Bigelow’s latest is Netflix nuclear thriller A House Of Dynamite, a film she describes as the final part of an unofficial trilogy that includes The Hurt Locker and Zero Dark Thirty, all three dealing with “the military industrial complex and national security”.

Told in 18-minute episodes from various point of views – among them a White House security analyst (Rebecca Ferguson), a general (Tracy Letts), the US secretary of defense (Jared Harris) and the US president (Idris Elba) – it asks, ‘What if an intercontinental ballistic nuclear missile was launched at the United States?’ “What happens in the halls of power?” she explains. “How do they respond? How safe are we, basically?”

Sparking ideas

A House Of Dynamite

Source: Netflix

‘A House Of Dynamite’

The answer, it would appear, is not very. In the past, Bigelow, who studied painting before earning her master’s in film theory and criticism at Columbia University, has talked about how her curiosity in something would spark a desire to make a film about it; wondering why she had to take her shoes off at airports post 9/11 led to Zero Dark Thirty. Now aged 74, she grew up in an era when the official advice for surviving a nuclear attack was to hide under your desk at school.

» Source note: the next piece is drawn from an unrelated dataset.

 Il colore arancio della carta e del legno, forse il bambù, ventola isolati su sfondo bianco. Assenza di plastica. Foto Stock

Bigelow’s cinematic interest in the nuclear threat dates back to her 2002 historical thriller K19: The Widowmaker, which detailed a malfunction onboard the Soviet Union’s first nuclear sub that almost led to the Third World War. “So, I was already in this space,” she says. “I began to think, ‘We’ve normalised nuclear weapons, we don’t talk about them, we don’t protest them, we’re kind of silent, and the unthinkable is never discussed.’ I was interested in discussing the unthinkable.”

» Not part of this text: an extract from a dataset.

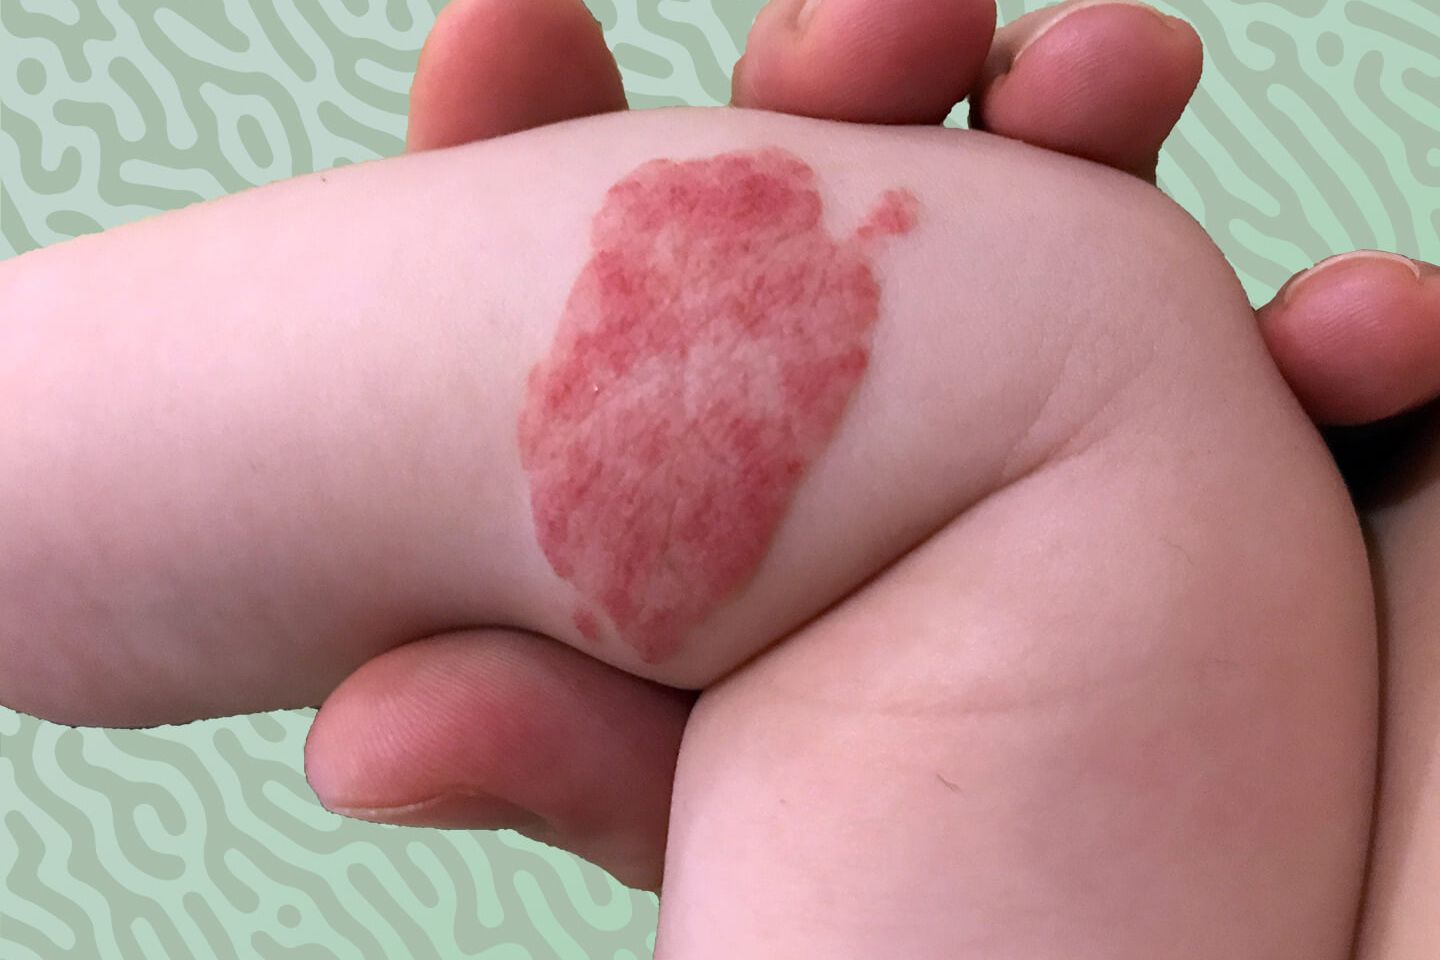 U máu trên da ở trẻ em có gây ung thư hay không? thumbnail.

Bigelow mentioned the idea to her agent who put her in touch with Noah Oppenheim, a former president of NBC News-turned-screenwriter and producer, whose credits include the screenplays for Pablo Larrain’s Jackie and Wes Ball’s The Maze Runner. The pair began their research, meeting retired three- and four-star generals who had experience of Stratcom (United States Strategic Command) as well as advisors familiar with the workings of the White House situation room.

“Noah already had multiple contacts, so was able to walk through a rough schematic of what would happen,” says the filmmaker. “Then we spoke to a former chief of staff for the Pentagon and said, ‘How do you rehearse when something like this happens?’” His reply stunned her. He said: “‘We don’t. We don’t have time for that. We’re too busy with other things.’ That was kind of a moment.”

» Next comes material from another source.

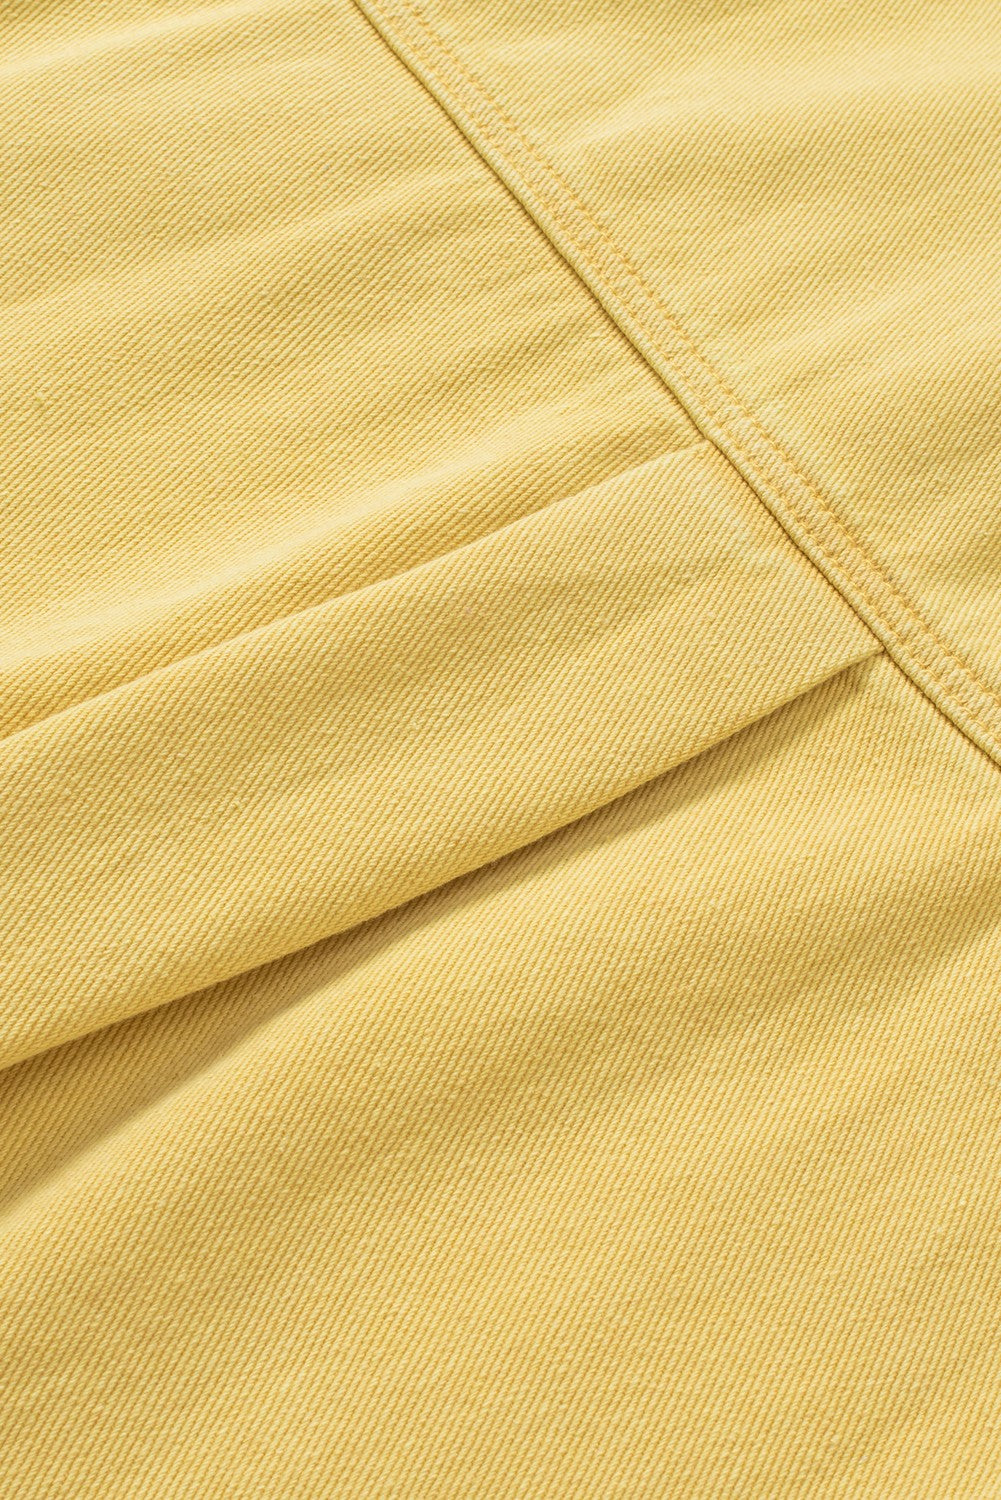 Veste en jean jaune effet vieilli à franges

A House Of Dynamite, which sees Bigelow collaborating with Ackroyd for a third time, does not reveal who fired the missile. “We didn’t want to point a finger, like, ‘Oh, it’s that bad guy over there.’ It makes it too easy, in a way. Preserving that ambiguity was very important to us.”

The film’s release comes almost eight years after previous feature Detroit, during which time she was attached to heist thriller Triple Frontier, written and produced by Mark Boal, with whom she collaborated on The Hurt Locker and Zero Dark Thirty, and Aurora, based on the novel by David Koepp. She bowed out of both, but remains an executive producer on Triple Frontier.

A House Of Dynamite premiered at Venice before opening in UK and US cinemas in early October, ahead of a release on Netflix’s streaming platform. The project came together at just the right time for Bigelow. “I was looking for a project that could have a lot of meaning and that’s what this satisfied,” she says. “It checked all the boxes, let’s put it that way.

“I wish more filmmakers would work in this space because there’s tremendous potential for meaning,” she adds. “It’s a question of how can film be relevant in today’s world? How can I inject into that world a meaningful conversation that could potentially course-correct? I know that’s incredibly optimistic and altruistic, but if not us, who?”